Friday, April 3, 2009

My grown up kids

Here are my two grown up kiddies. I tied Pearls hair up but she keeps pulling the hairtie out. She'll get used to it. She's 20months. So I guess that makes her 1 year and 7 months old. Dupri with his short haircut and smooth looks. hahaha. I am going to have trouble with him, he'll be bringing home all the girls.

The kids doing their head to the side, cutie look. haha. Well, it's actually Pearl's move but Dupri thought it'd be kool to do it for the camera too.


This is is nice photo of them. And what's even cooler, is that both me and Tangi are in the background. See, our family photo.

This is a really nice brother sister photo.
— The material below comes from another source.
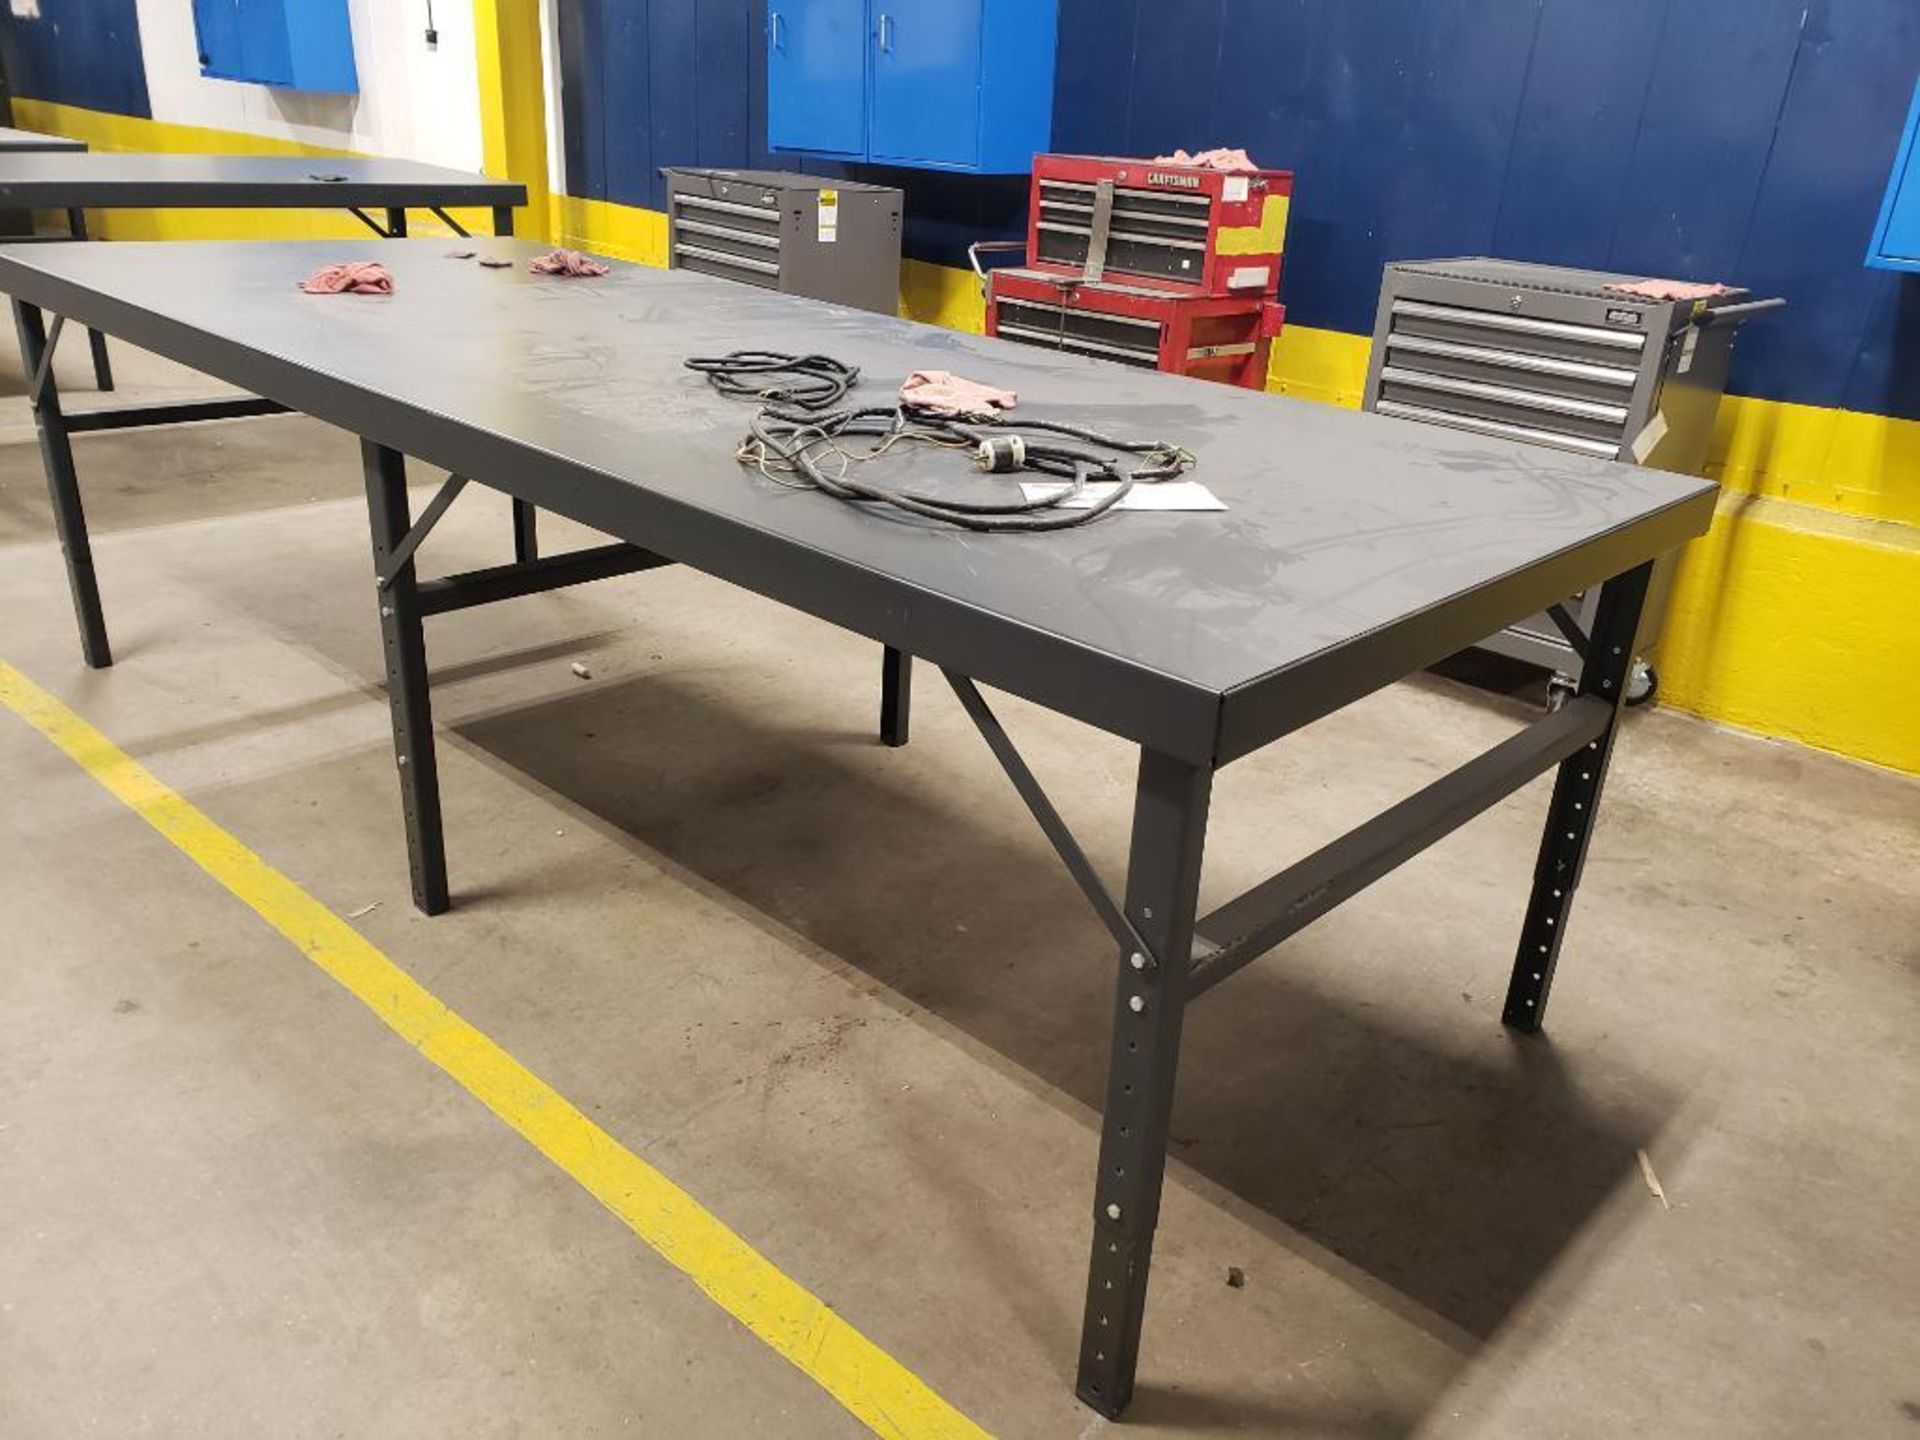 Valleycraft mild steel work table - Image 2 of 4

I love it!!!! He looks really protective of his sister, which he is by the way. And Pearl knowing her big brother is there for her. What little cuties!!
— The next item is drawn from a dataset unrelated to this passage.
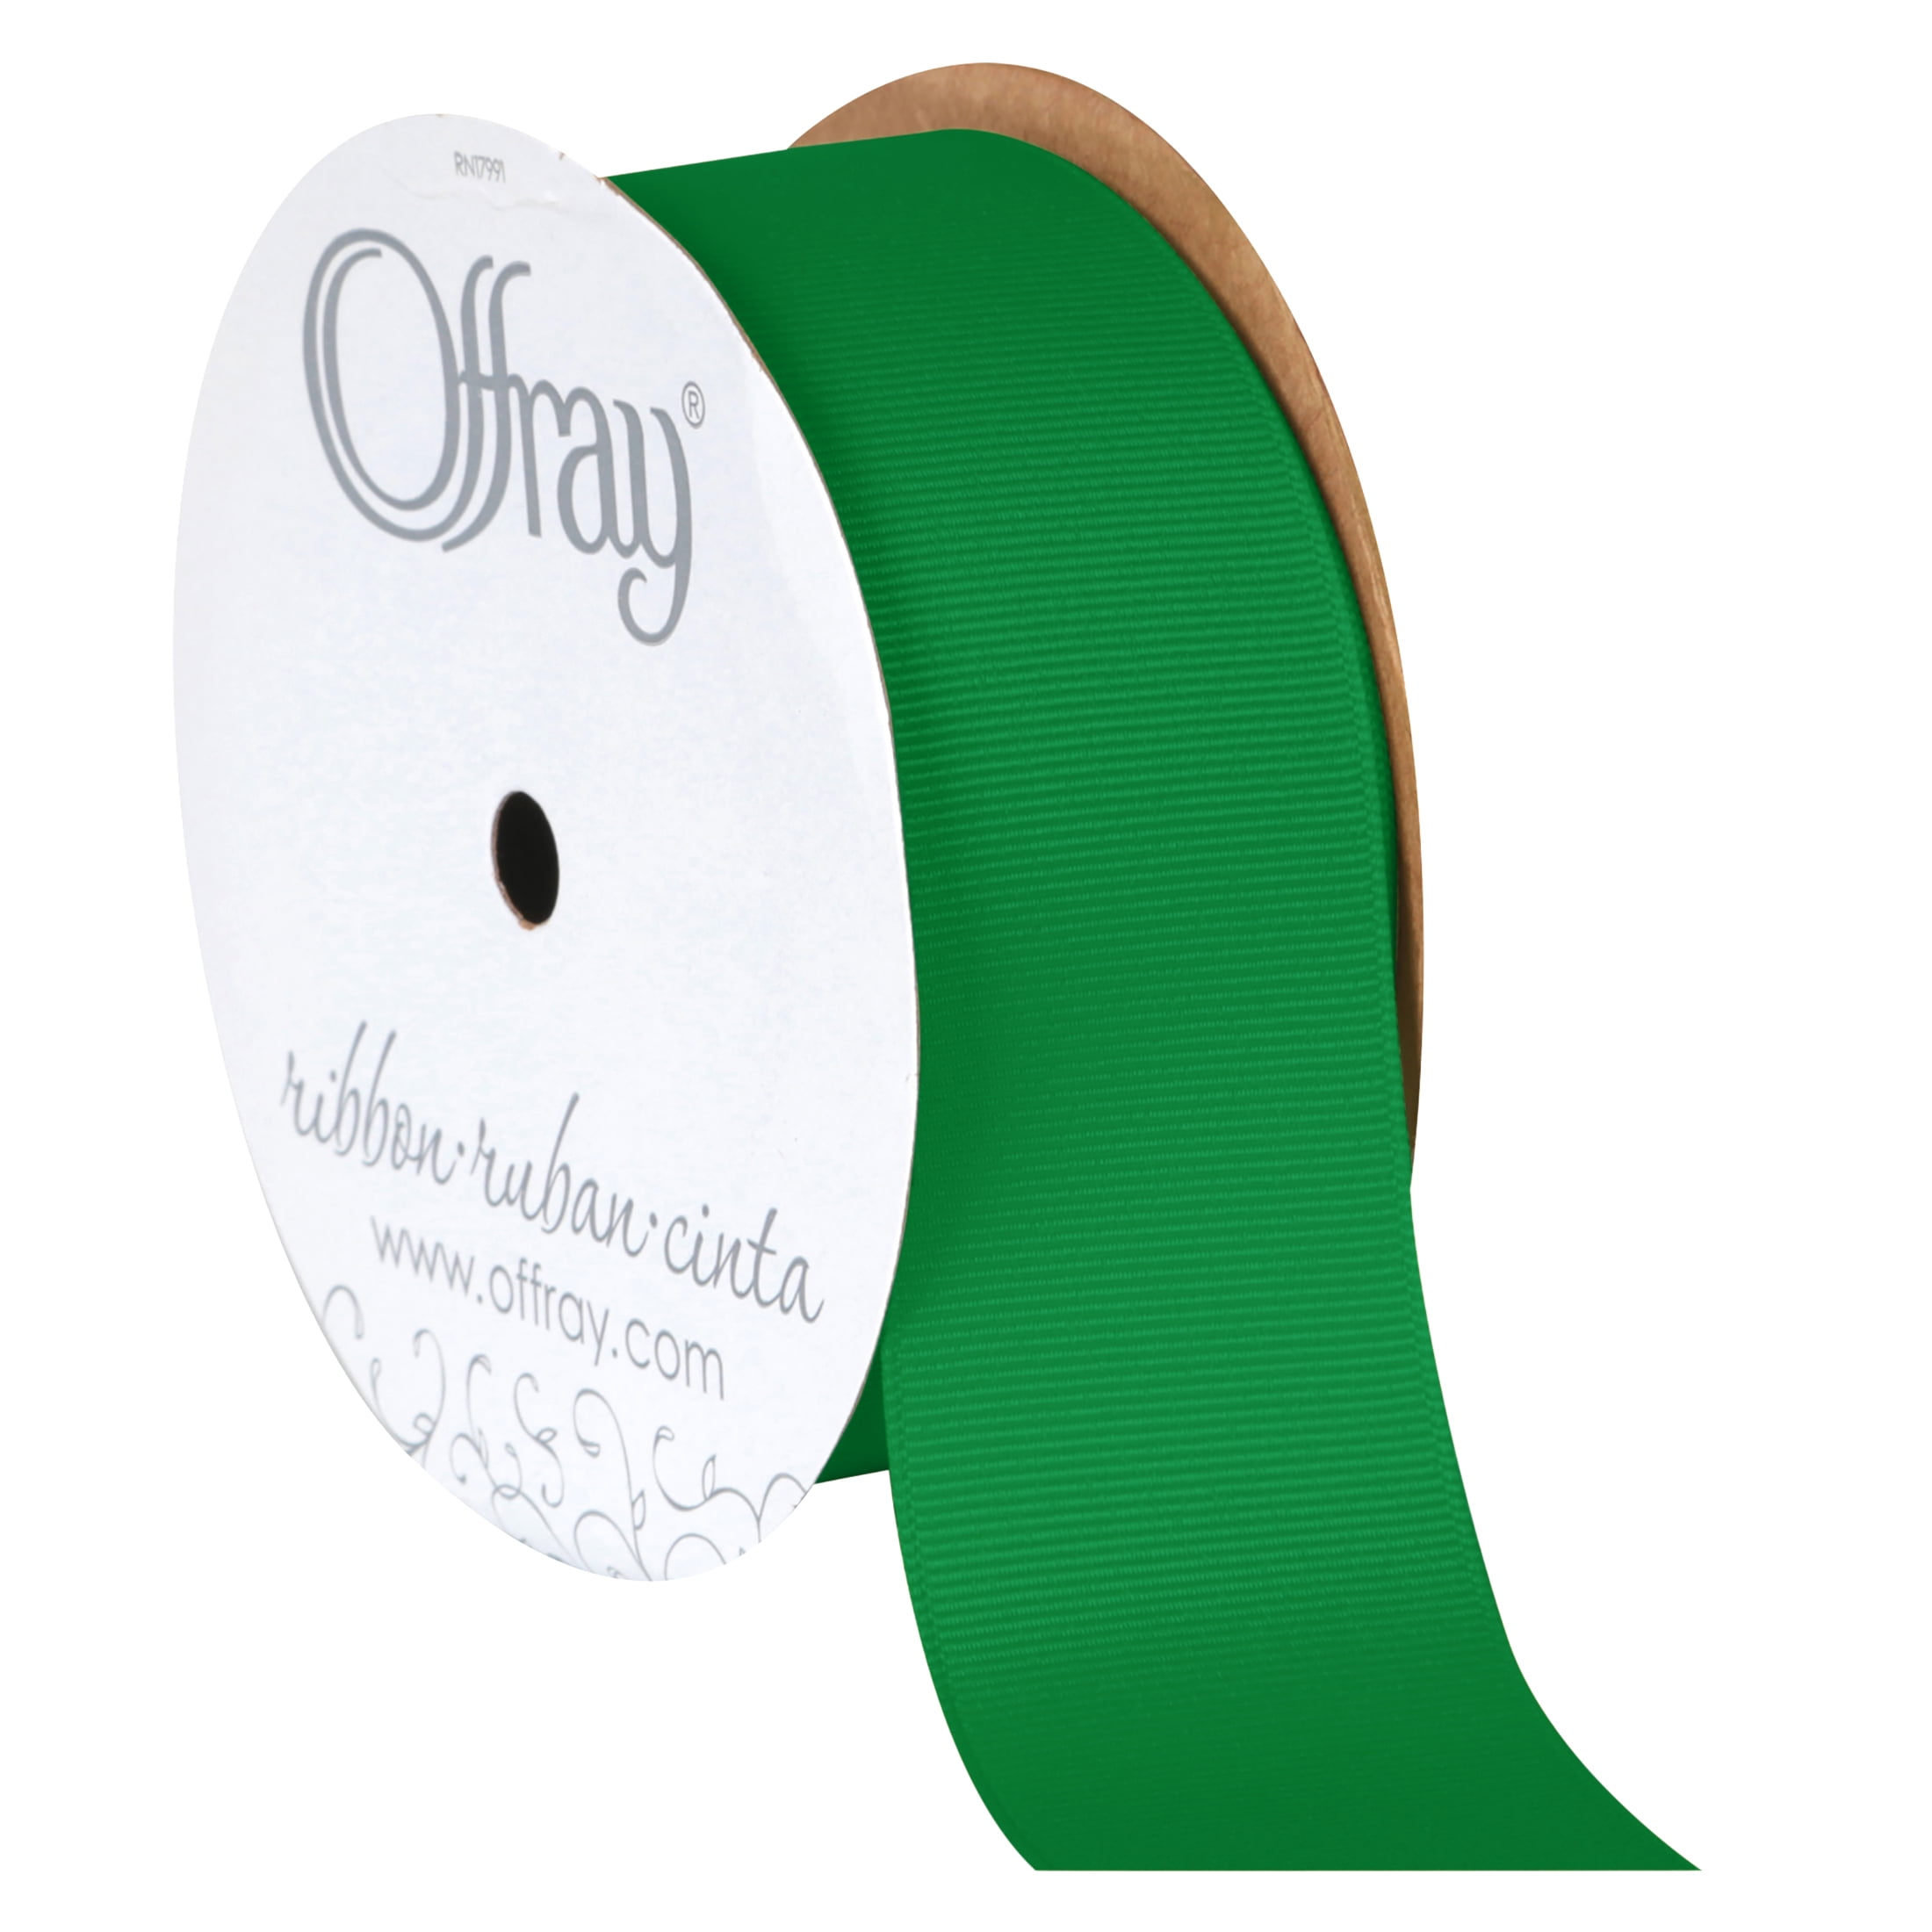 Offray Ribbon, Emerald Green 1 1/2 inch Grosgrain Polyester Ribbon, 12 feet

Not much has been happening lately. Just the same ol. Still feeling tired but also feeling lighter and happier than I've been in a long time. Feels good to smile again for real. Not to have to fake smile so that no one knows whats going on inside. It's actually a genuine smile. But yeah, right now, my eyes are getting heavy, my kids are sleeping. So maybe I should follow suit. Get a power nap in.

Monday, March 30, 2009

a lot done

Okay, well I havent done too much lately but it's enough for me to feel like I've achieved something. I have nearly finished sorting thru our stuff in our room. When we moved in, I just chucked everything in and it was cluttered and stuff everywhere. Now it's a whole lot more room in here, or it feels like there's more room. But I havent quite finished it yet tho. And it's not that I'm lazy or anything about doing it, for some reason I'm trying to prolong it. I guess I'm trying to make this project last a little longer.
I was talking to someone the other day and said to them that I'm wanting to take something else on to keep me busy. They asked me what have I got going in my life. And that person listed nearly everything for me, like kids, parents, YWs calling, school etc. It's a lot that I've got, but I still want more. He thought I meant in the literal sense of wanting to move on, but for me, no it's not that. I think that I want more to do. So that I feel that I'm constantly busy all the time. It makes me feel a bit more important and keeps me more focused. I don't really know what it is, but the more I have nothing to do, the lazier I get and the crankier i get too. I like having goals that I'm passionate about. And usually I find that when I make a decision, I make sure that I follow thru with what I've decided. And it's because I've decided that it's what I want to do. Not because anyone else told me that I should do it. People can always give me advice but it's my choice whether or not I want do it. And it always ends up being my decision. No one makes me do anything.
I've enjoyed spending my time with my kids. I still have to work on my tone that I use. I've been told that I have a harsh way of talking. hahaha. I believe it too. I guess it was because thats how I was brought up, was with the harsh word. hahaha. A goal that I'm trying to work on that needs to be achieved within the next year and a half, is to get our own place again, downgrade our car to a little one (since it's only us 3 for a while), get a parttime job and get dupri into more daycare, get pearl into parttime daycare. I have a few others, but I think most of these are achievable so I'm working hard on the last 3 goals. Hopefully get pearl into daycare the same hours as dupri and then I've got 3 mornings with no children at all. And then I've got more time to get my schoolwork done. I can't concentrate with them around at all. I get too distracted and it's pointless for me to even study because nothing is soaking into my cranium with the kids running in and out all the time. So yeah, that should hopefully keep me busy.
Went to the movies last week with a couple mums. We went and saw 'the women', its got like, meg ryan as the lead. it's a crackup movie. it had the funniest birthing scene. i couldnt stop cracking up at it.